I agree with AnyFucker. Find out now, it could be in early (texting and talking) stages. It is urgent you get your hands on that phone.
sad
If you can't hold of it during the day, then put your phone under your pillow on vibrate for the middle of the night and wake up and nick it from under his pillow or where ever it is. Get evidence asap.
Good luck. Hope I'm wrong.

MummyMyfanwy Sun 05-Dec-10 23:36:41

My hubby used to do this. He also slept with it under his pillow. It never left his side, was always on silent.....

It turned out he was meeting randoms off sex sites for a shag 3 or 4 times a week, on his way to and from work.

Check his car and pockets. I found condoms in the car hidden behind a panel.

CoventryCarole Sun 05-Dec-10 23:38:52

Wow at all these stories. Who could be bothered with being that deceitful??

GraceAwayInAManger Sun 05-Dec-10 23:45:21

I know, Carole, it's crap

A very big part of me wants to say that, when you're in a relationship where one partner hides part of their life from the other - and gets antsy when you call them on it - then you no longer have a relationship worth having.

It takes more processing than that, though ...

Appletrees Sun 05-Dec-10 23:47:41

affair possible

not a bright guy definite

Appletrees Sun 05-Dec-10 23:50:19

I would say possibly not a definite affair right now.

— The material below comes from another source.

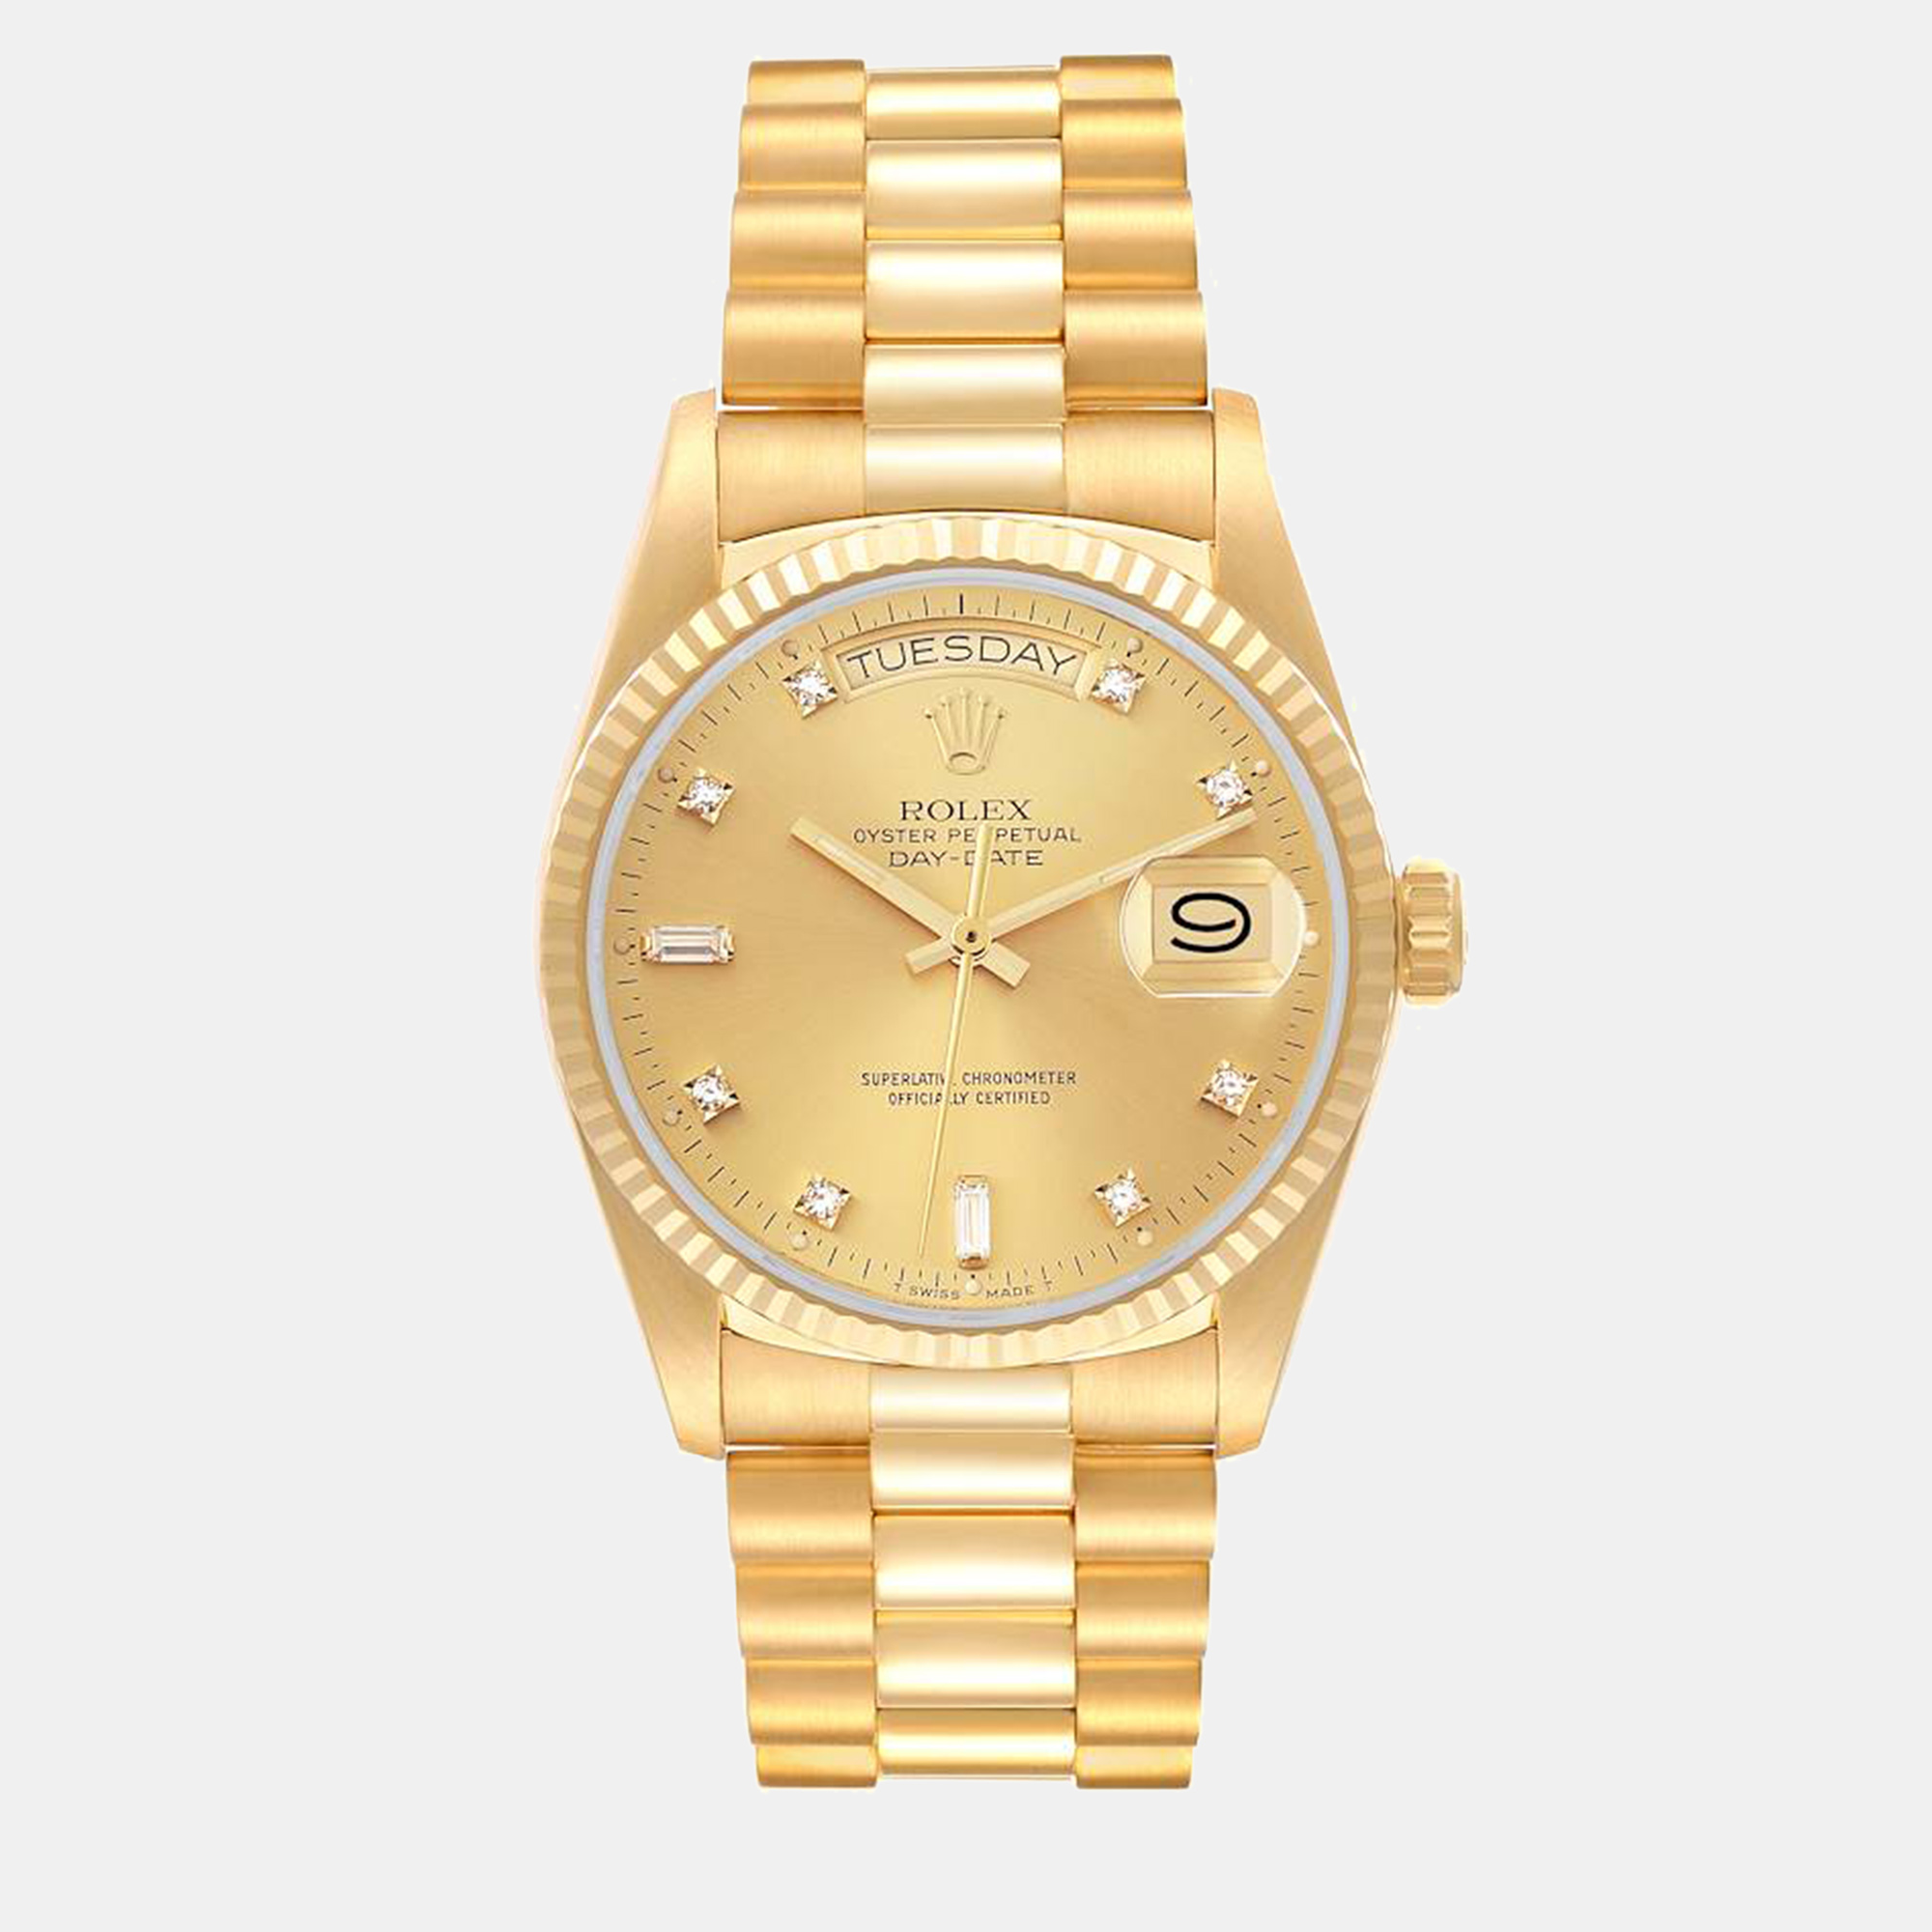 Rolex president day-date yellow gold diamond dial men's watch 18038 36 mm

Somebody is texting him "uncontrollably" ie they haven't gt to the stage of "organising" any relationship to the point of "do not text me at certain times, do not text me for the next hour so I can leave my phone lying about innocently" etc.

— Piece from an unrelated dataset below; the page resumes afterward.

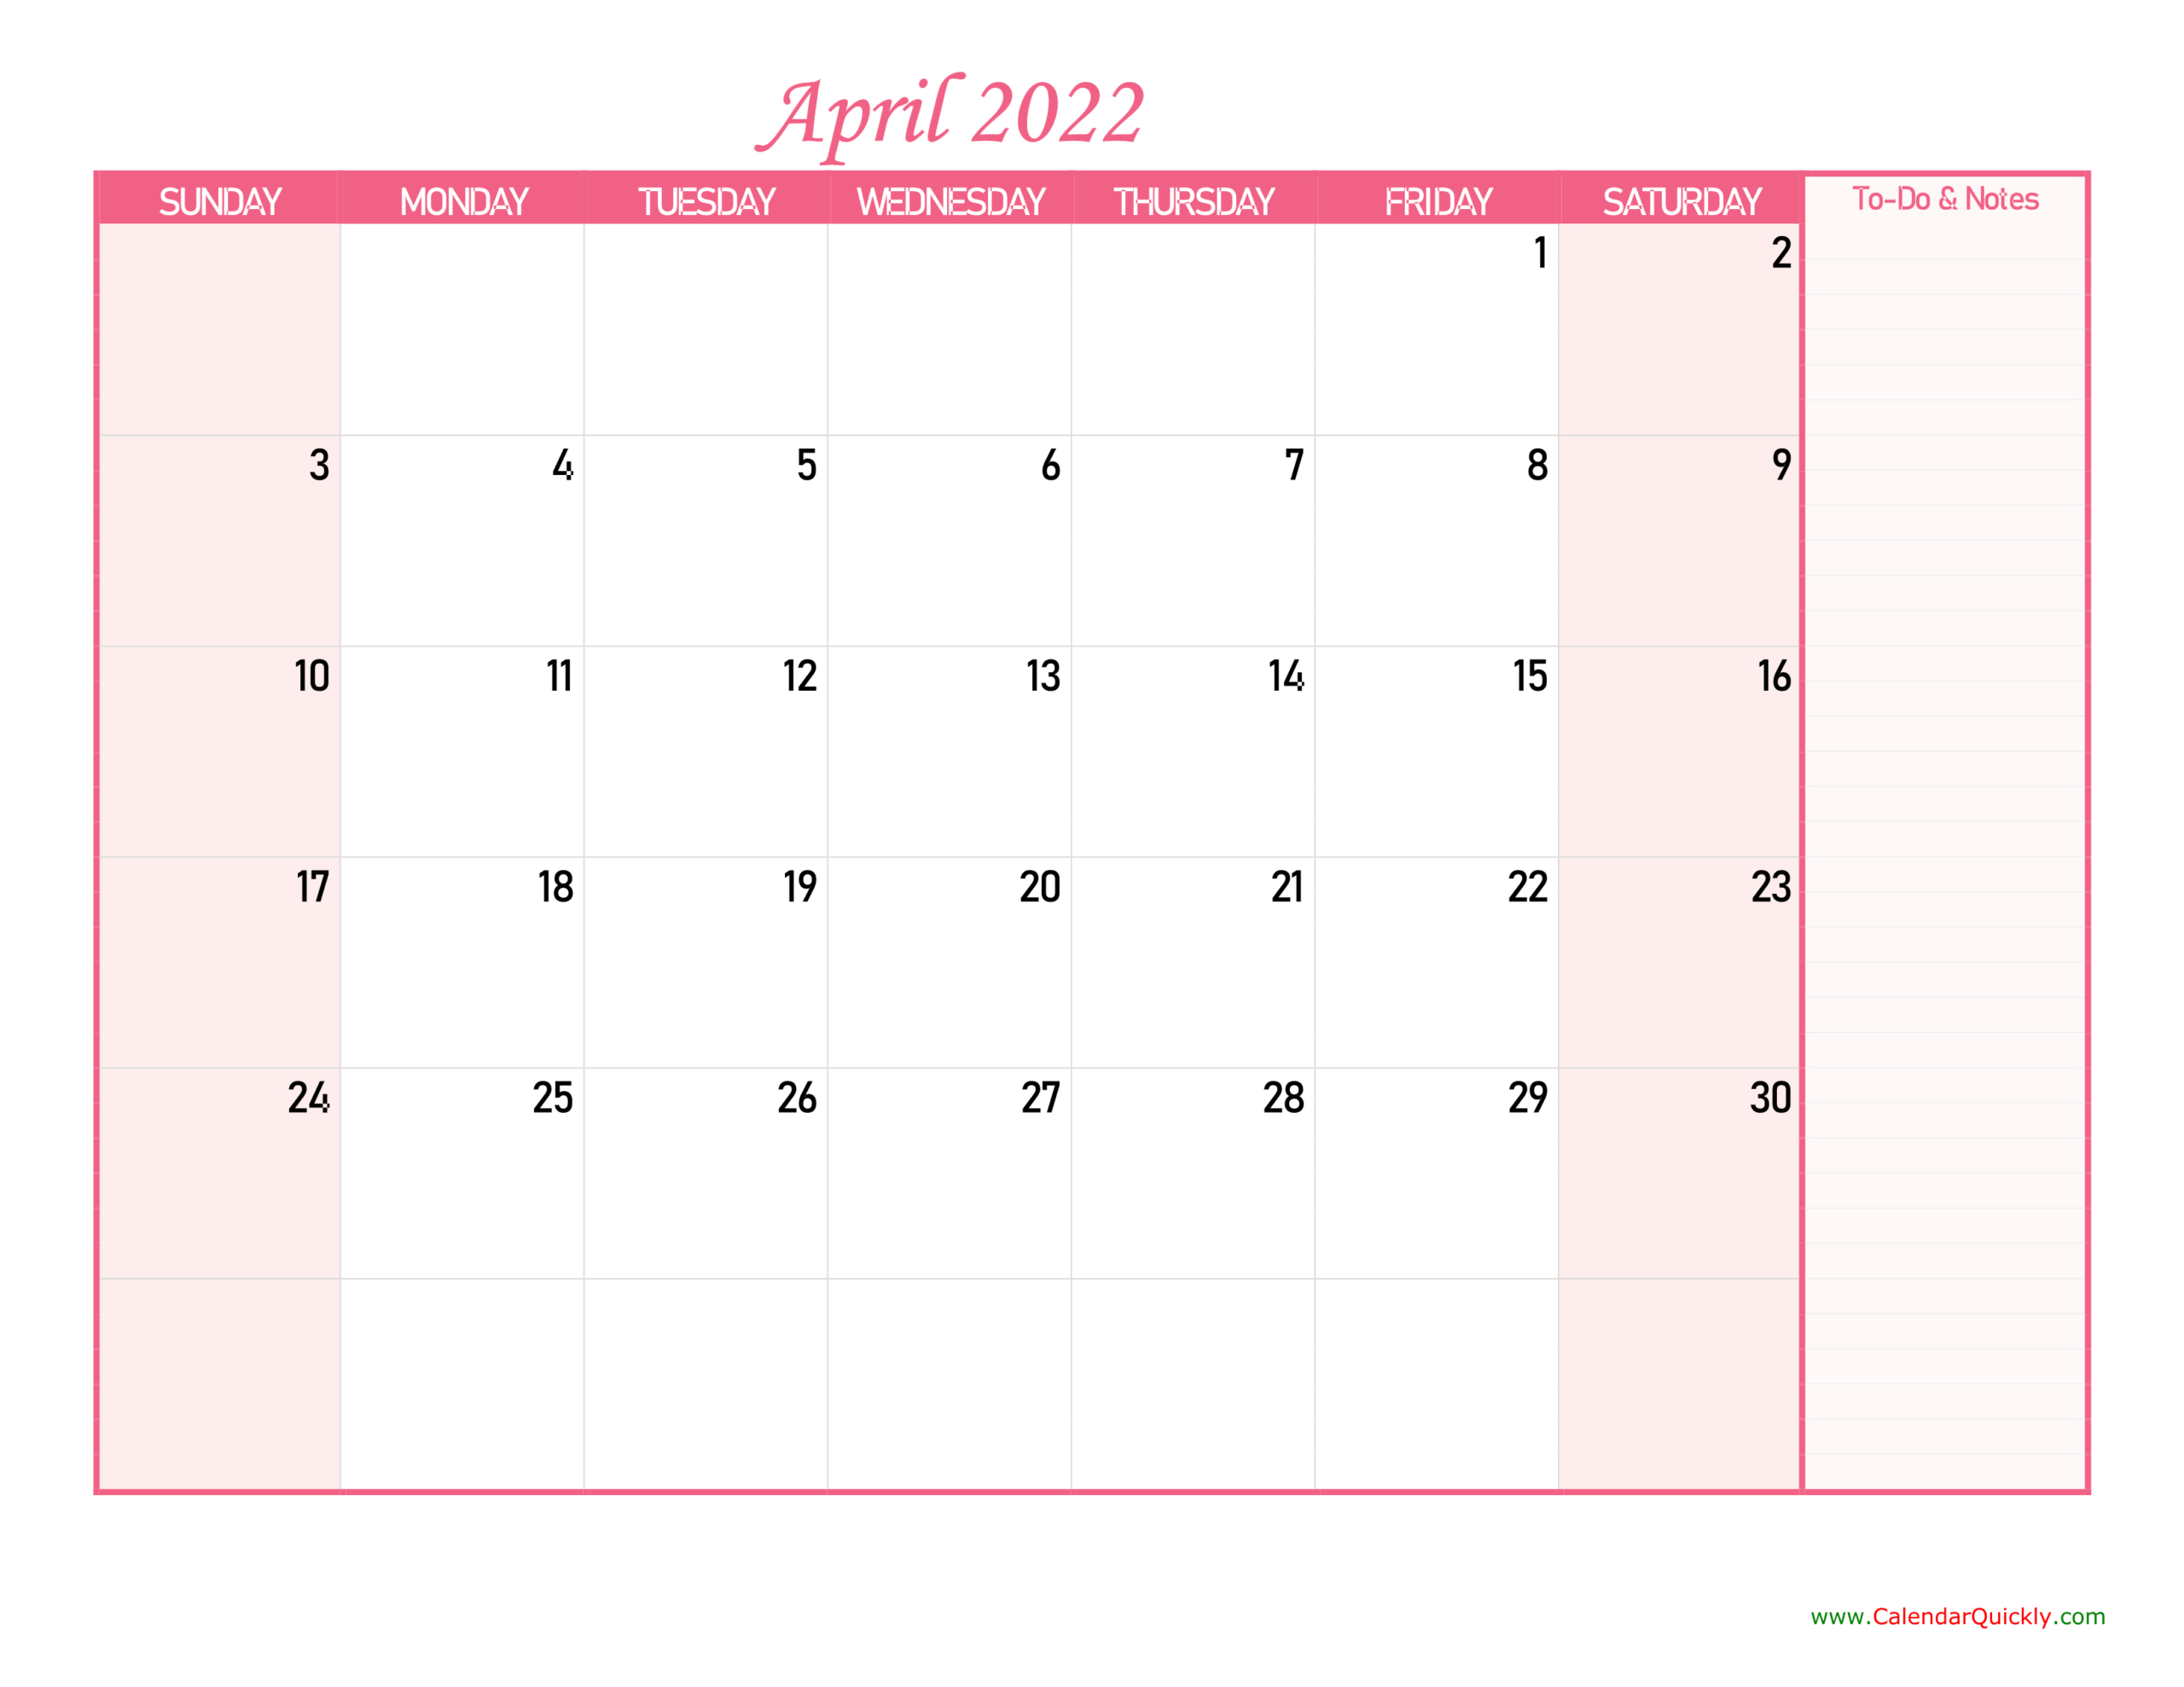 April Calendar 2022 With Notes | Calendar Quickly

That's if something is going on. It's something he can't control, unless he's to stupid to do so.

robberbutton Sun 05-Dec-10 23:51:50

It doesn't have to be the end- me and (sometimes D)H are trying to work it out. But it depends on so many things- his reactions are important. I didn't confront H until I had undeniable proof (his phone while he was sleeping), which meant I had to deal with less face to face lies and excuses. And he has been (I think) totally honest with me since. Everyone makes mistakes, only you can decide what the dealbreakers are.

I take mine as my friends text me at all times and also as there is no clock in there.